Little Brother #3

Surface Attack by Cory Doctorow

Publication Date: October 13, 2020

Summary from NetGalley:

Most days, Masha Maximow was sure she’d chosen the winning side.

In her day job as a counterterrorism wizard for an transnational cybersecurity firm, she made the hacks that allowed repressive regimes to spy on dissidents, and manipulate their every move. The perks were fantastic, and the pay was obscene.

Just for fun, and to piss off her masters, Masha sometimes used her mad skills to help those same troublemakers evade detection, if their cause was just. It was a dangerous game and a hell of a rush. But seriously self-destructive. And unsustainable.

When her targets were strangers in faraway police states, it was easy to compartmentalize, to ignore the collateral damage of murder, rape, and torture. But when it hits close to home, and the hacks and exploits she’s devised are directed at her friends and family–including boy wonder Marcus Yallow, her old crush and arch rival, and his entourage of naïve idealists–Masha realizes she has to choose.

And whatever choice she makes, someone is going to get hurt.

ARC provided by MacMillan-Tor/Forge via NetGalley for an honest review.

Confession:

This is the third book set in the Little Brother world, but it is told from the perspective of a newish character. Masha is a very minor character in the first two books, but here she is the star of the show. I had often wondered about Masha while reading the first two books. Wondering what made her tick and why she makes the choices that she does. This book does explain it all, and then some.

I liked Masha for the most part, although there were many times I didn’t understand her choices, and I’m not sure she did either. Although she was an idealist at the start, wanted to help catch the terrorists who attacked her city, she soon gets caught up in the surveillance racket and soon discovers that there is no real distinction between good guys and bad guys. Almost anyone in the right circumstances will make a bad decision. She does what she can to ease her conscience, but soon even that is not enough to keep her from despising herself and what she has done.

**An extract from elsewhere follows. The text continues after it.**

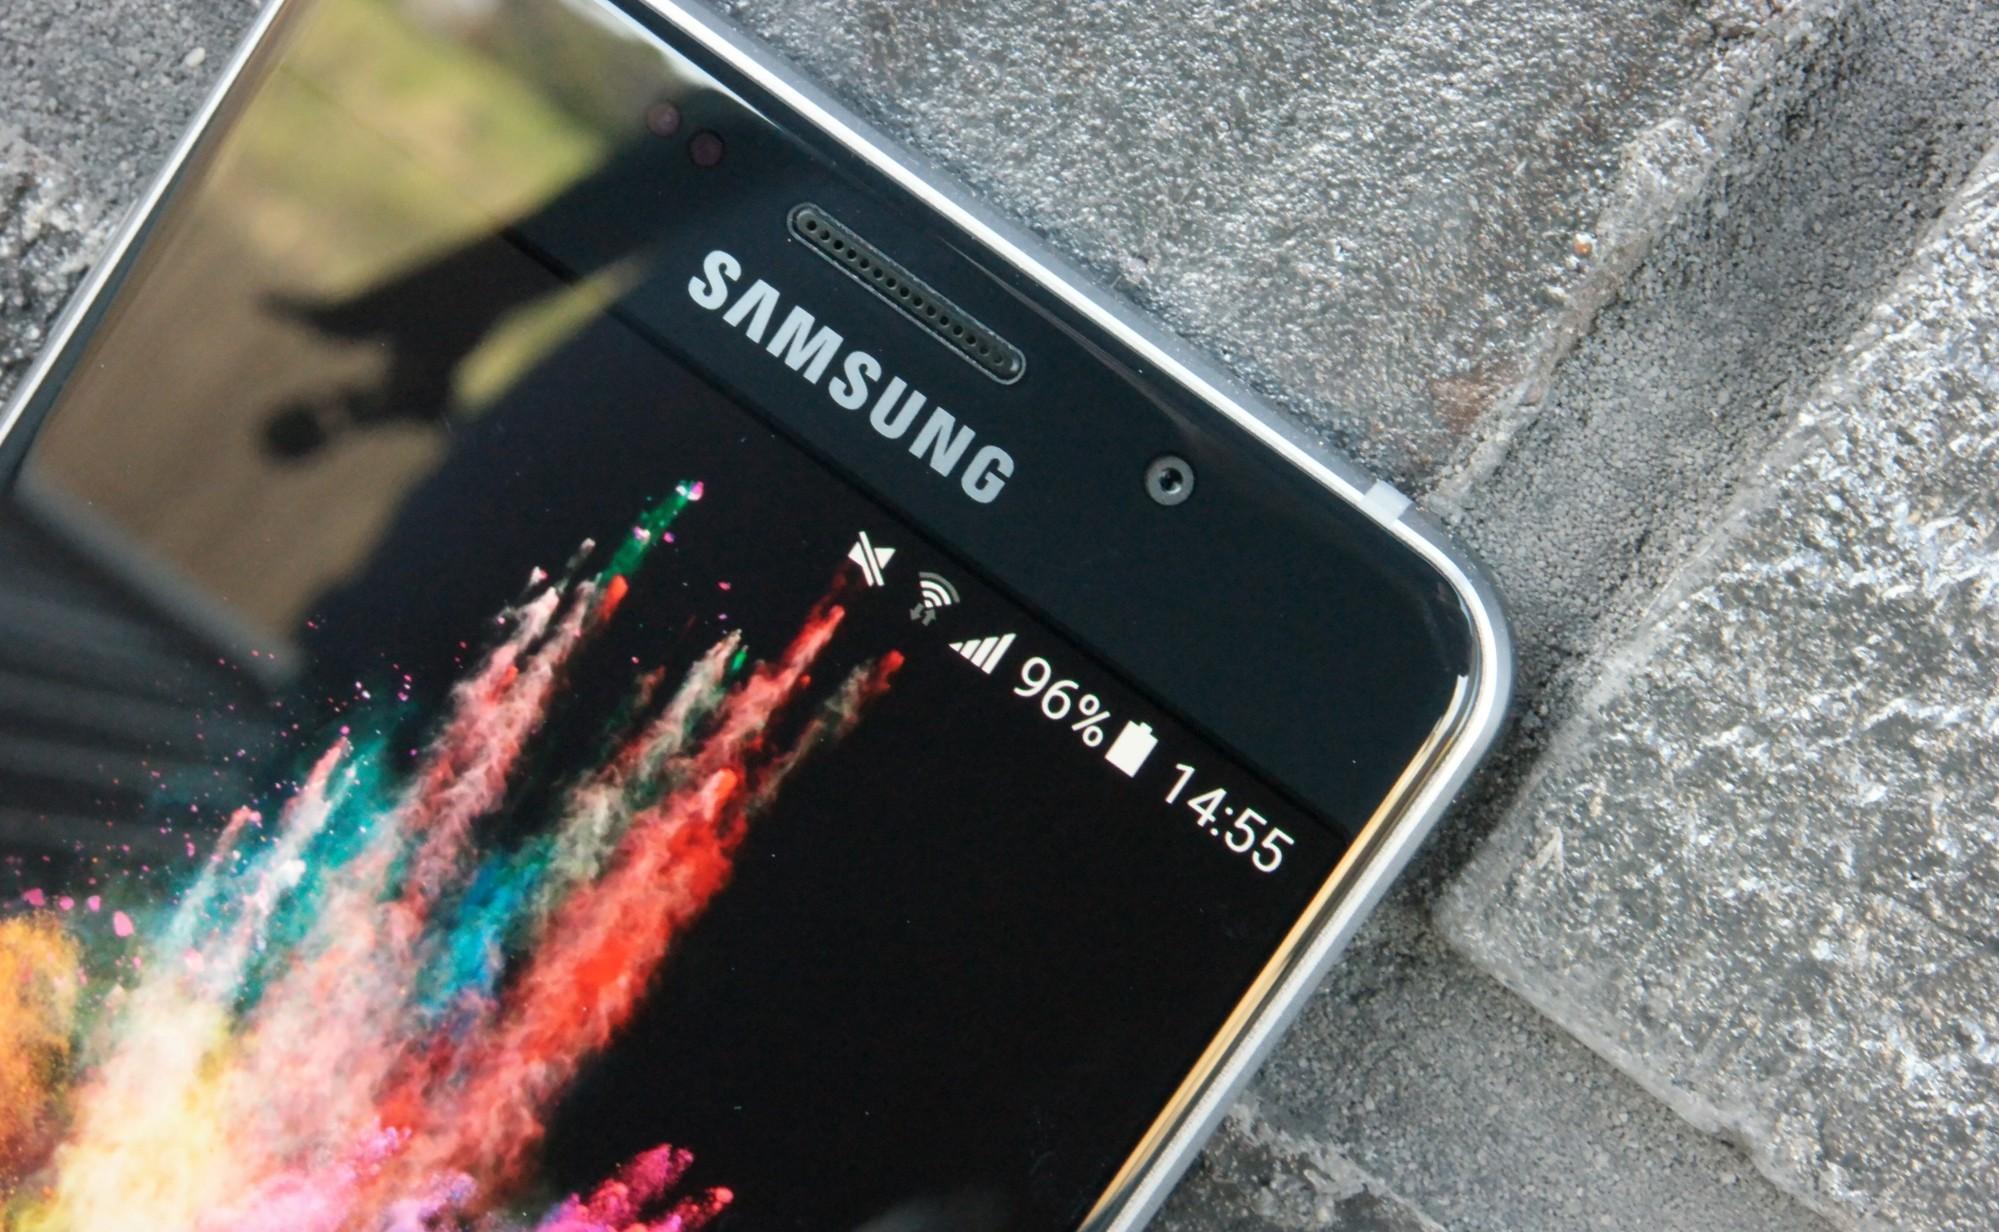 Самсунг  Galaxy A5 (2017) получит новый процессор ибольше ОЗУ
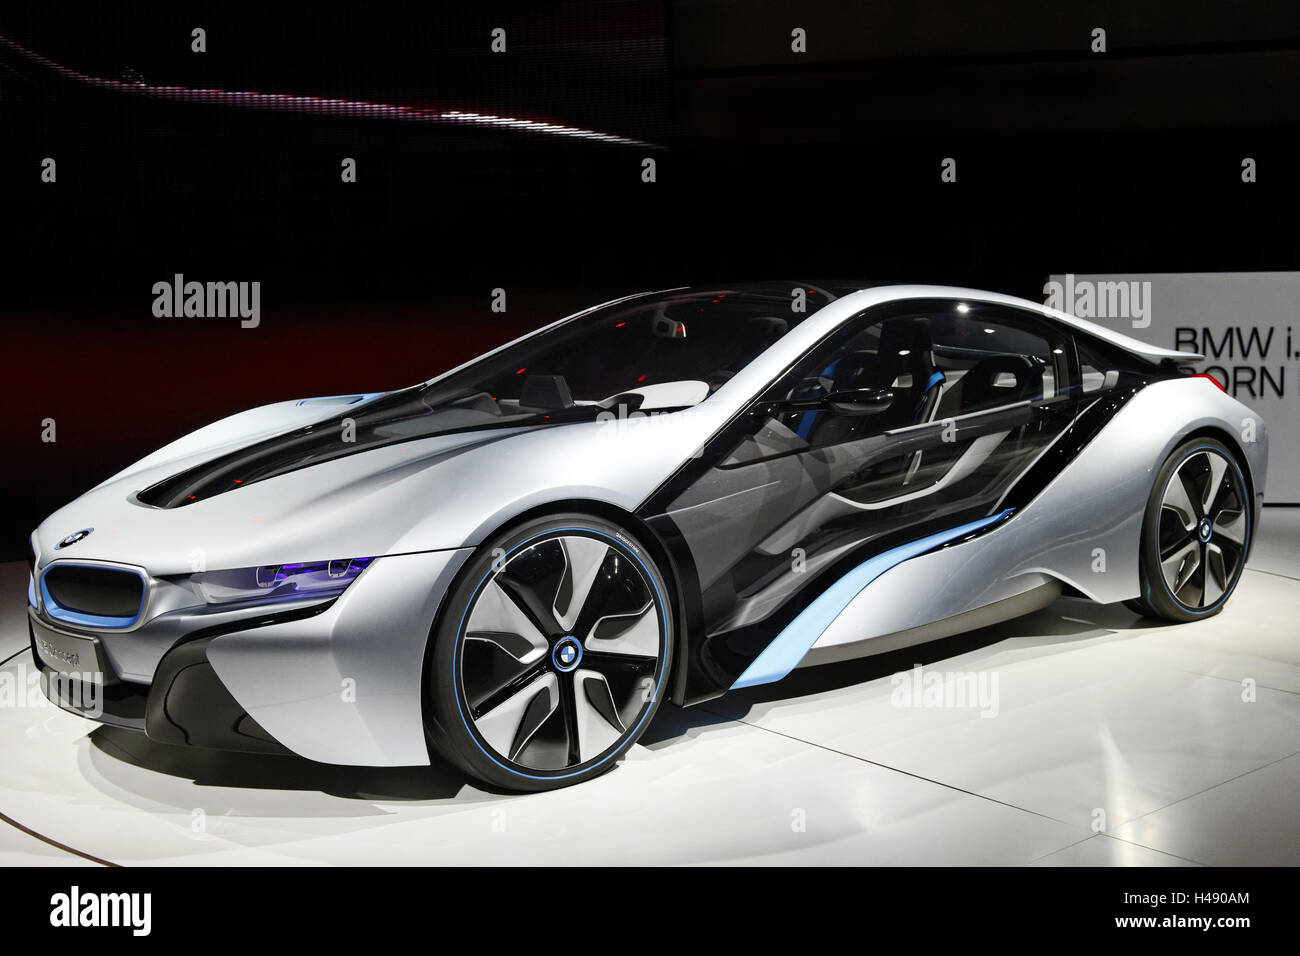 2016 Bmw 328i >> 100+ [ Concept Bmw I8 ] | Bmw I8 Spyder Concept Revealed News Motor Show Auto Express,Bmw I8 ...

Although you don’t really have to have read the first books to get this one, it does help. There are a lot of flashbacks to the other books and to the parts of Masha’s life that happened during those books that we didn’t know. There is also a lot of tech talk, which does at times slow the narrative down, and many times goes over my head. But some of it is damn scary too. All the different ways that the government, businesses and others I don’t want to think about, can spy on you, yes you, the average citizen just minding their business.

This book is perhaps a bit darker than the other two, but the ending is so hopeful. I loved seeing how Marcus and Angie’s lives turned out, too. A good commentary on how tech can be helpful but also a cautionary tale on how governments could easily go down the wrong road.